== TASK TO CARRY OUT ==
Could you print the listing again exactly, omitting the pictures?

::: DATA SHOWN :::

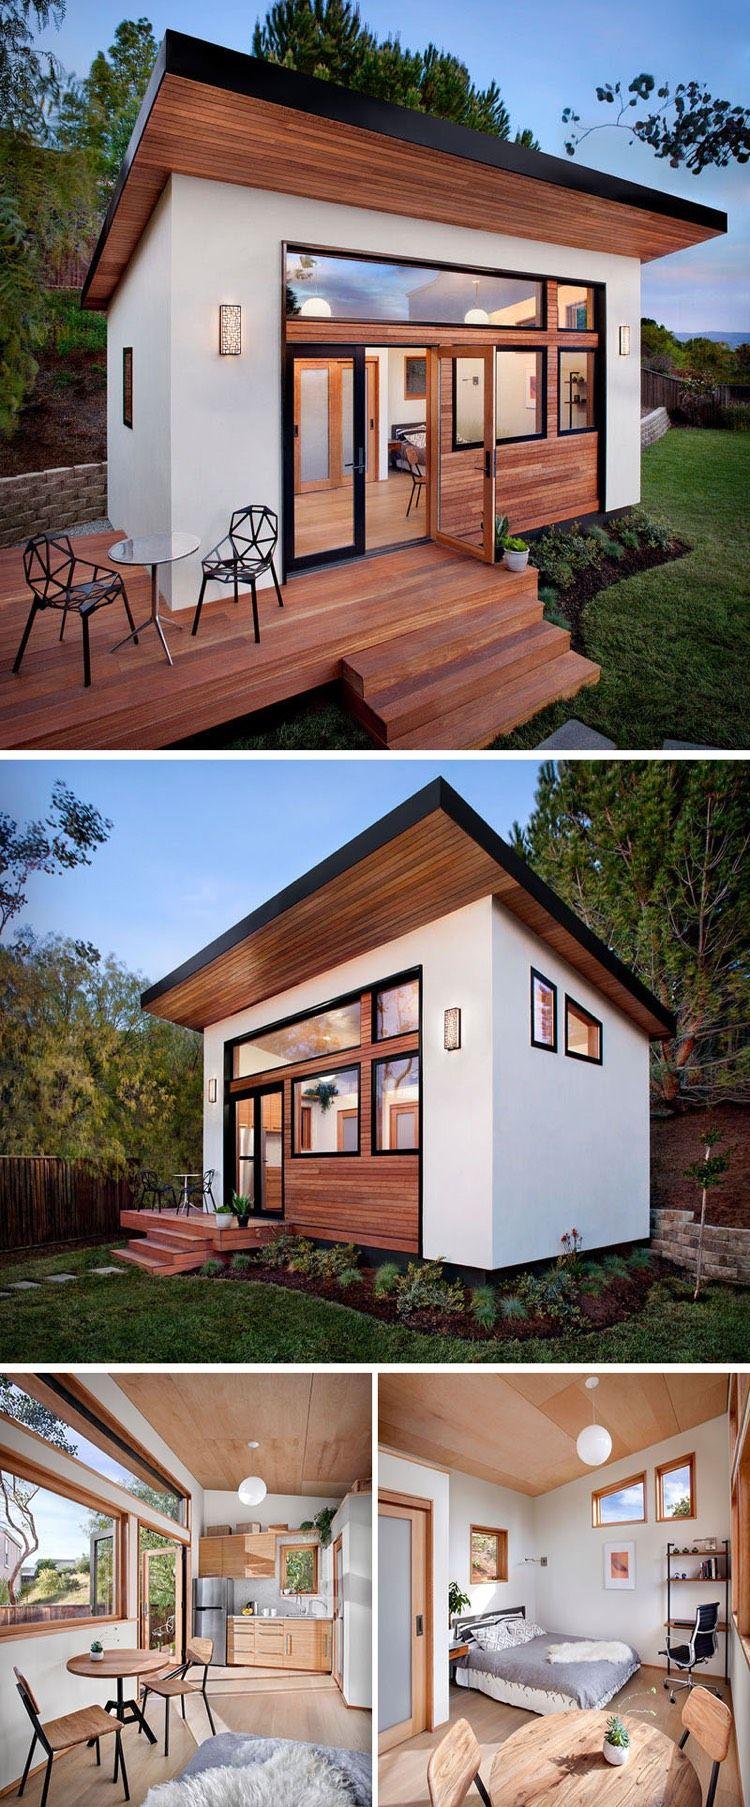 14 moderne Gartenhäuser, wo man in Ruhe arbeiten oder
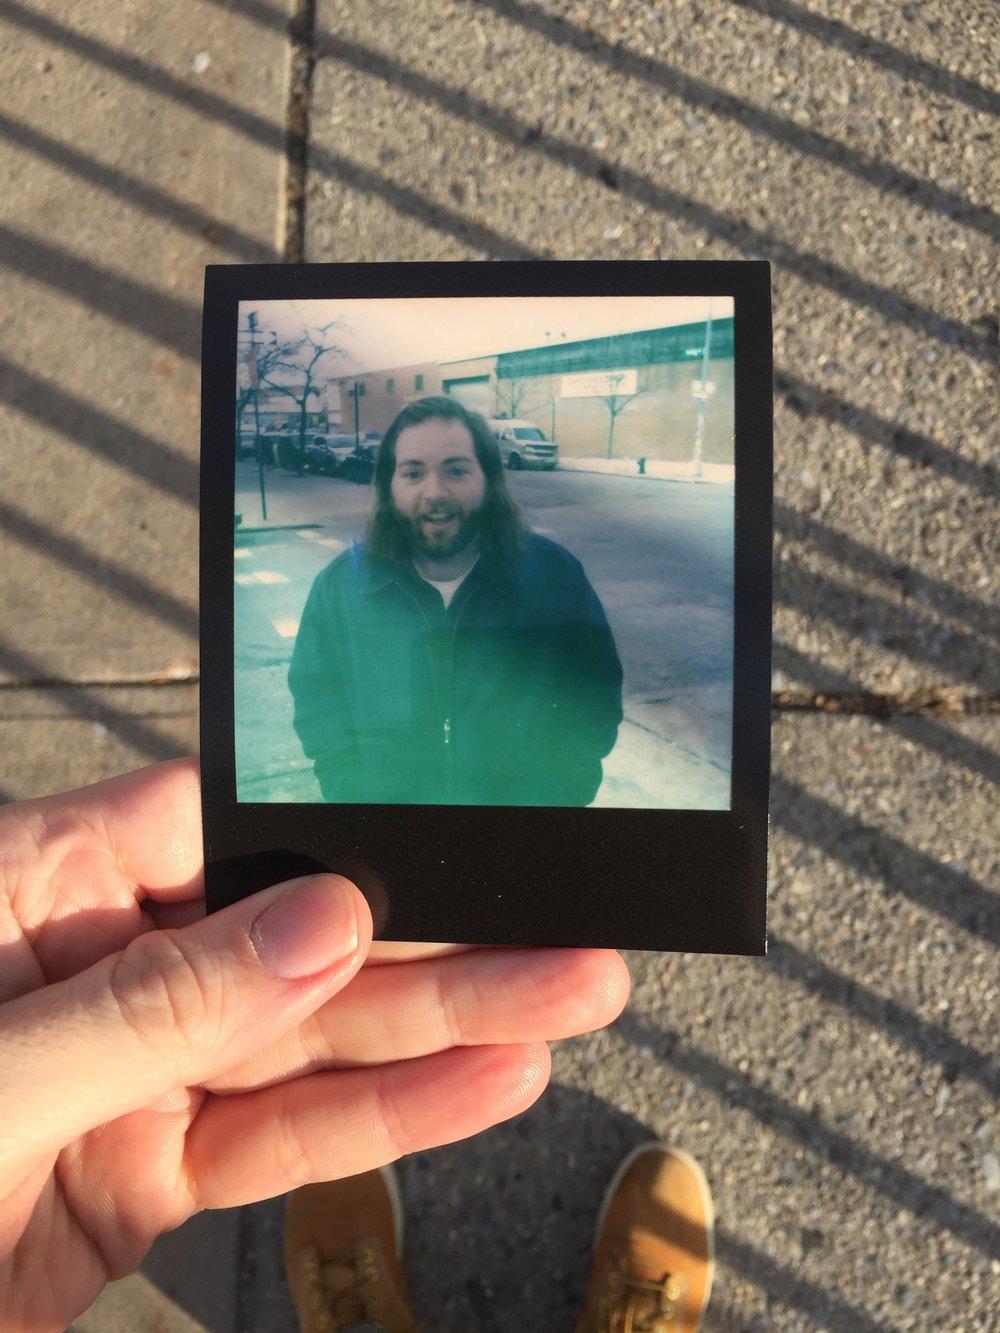 Phil-Polaroid.jpg
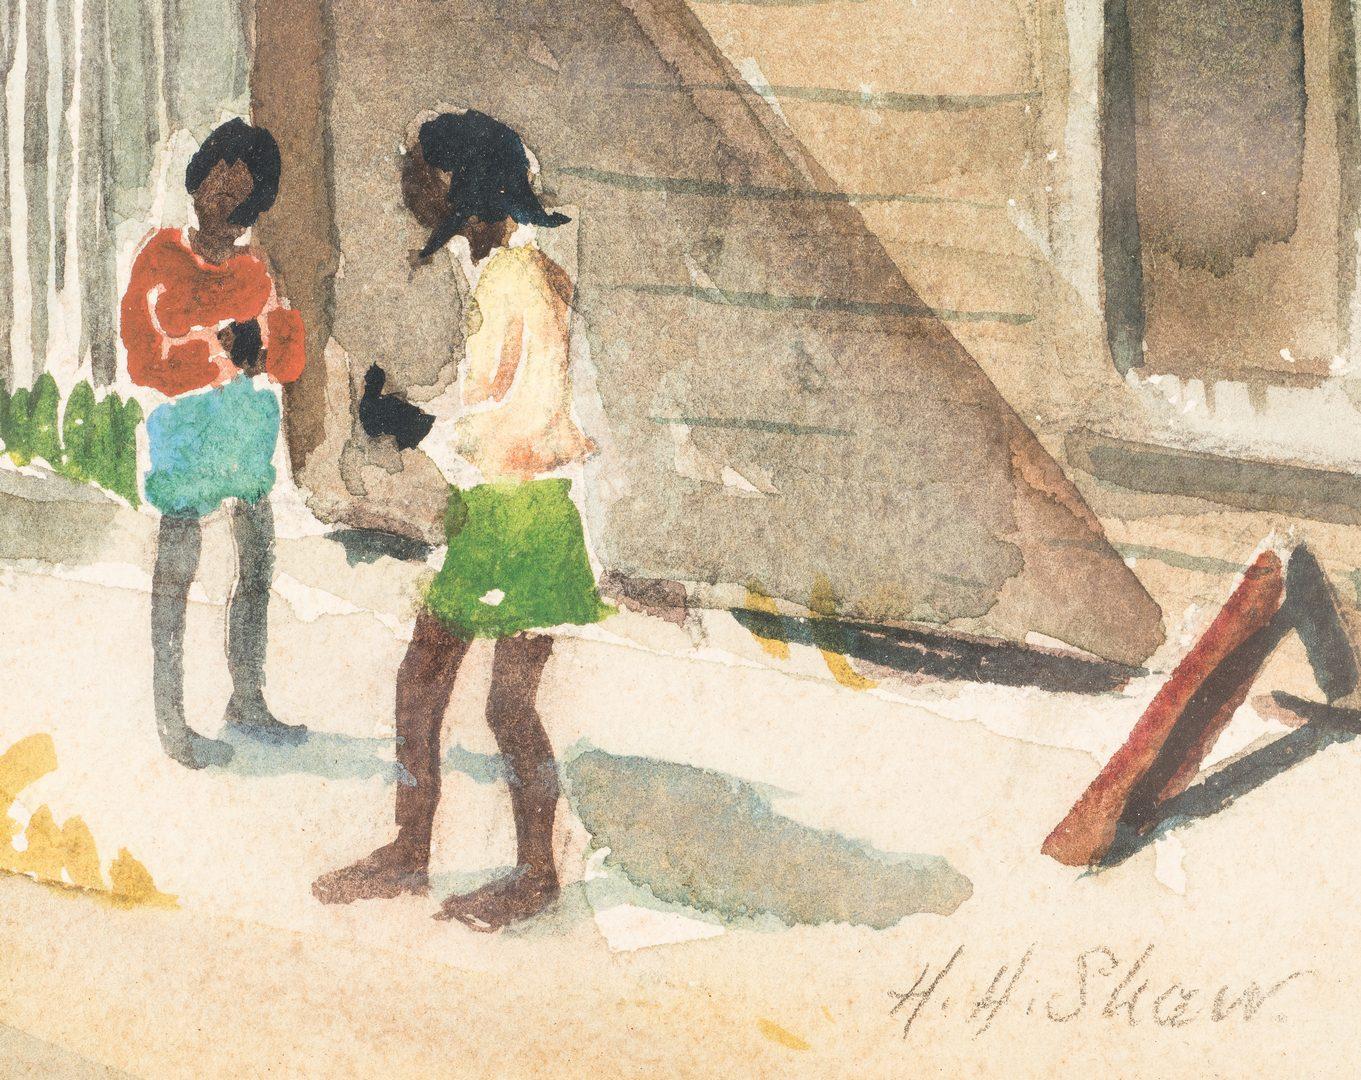 Lot 477: 2 Harry Shaw Watercolor Street Scenes, incl. Fish Market

:::

== OUTPUT OF THE TASK ==
 14 moderne Gartenhäuser, wo man in Ruhe arbeiten oder
 Phil-Polaroid.jpg
 Lot 477: 2 Harry Shaw Watercolor Street Scenes, incl. Fish Market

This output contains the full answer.